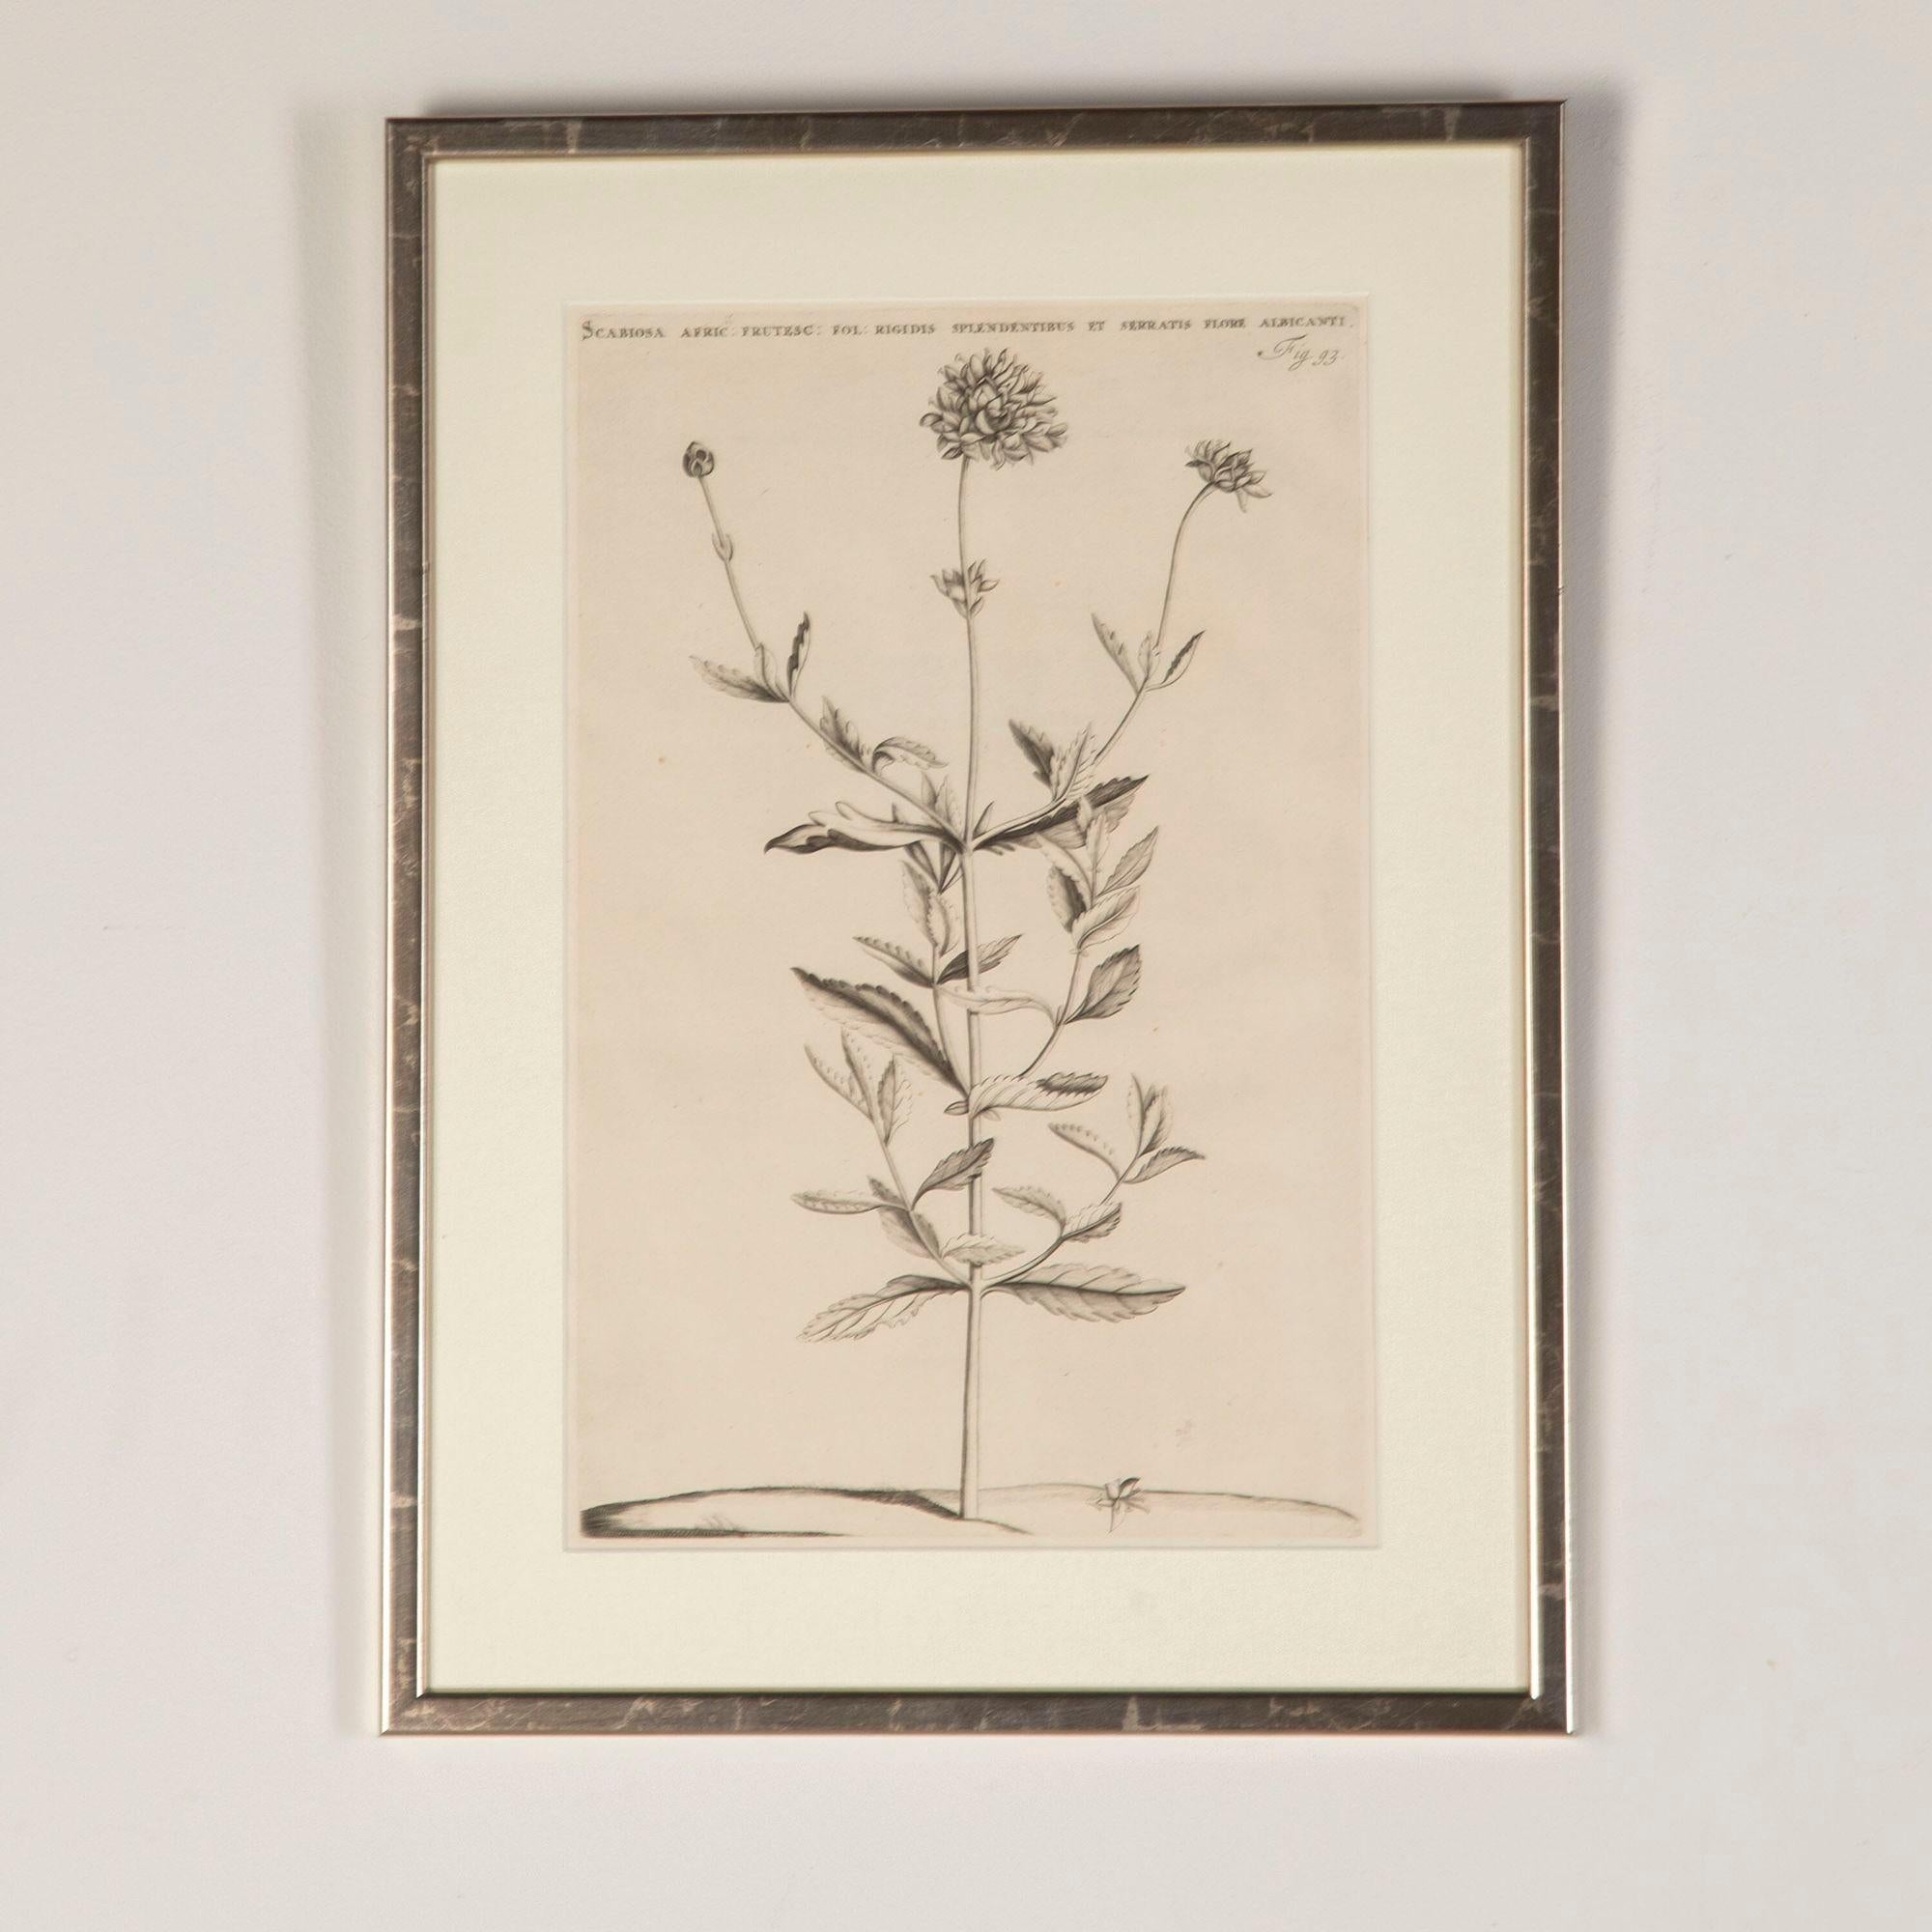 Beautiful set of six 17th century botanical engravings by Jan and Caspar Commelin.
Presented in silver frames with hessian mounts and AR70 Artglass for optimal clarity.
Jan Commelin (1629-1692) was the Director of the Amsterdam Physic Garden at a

EXERCISE REQUIREMENTS
Reproduce the whole listing above word for word, dropping each image.

REPLY TO THE TASK
 Beautiful set of six 17th century botanical engravings by Jan and Caspar Commelin.
Presented in silver frames with hessian mounts and AR70 Artglass for optimal clarity.
Jan Commelin (1629-1692) was the Director of the Amsterdam Physic Garden at a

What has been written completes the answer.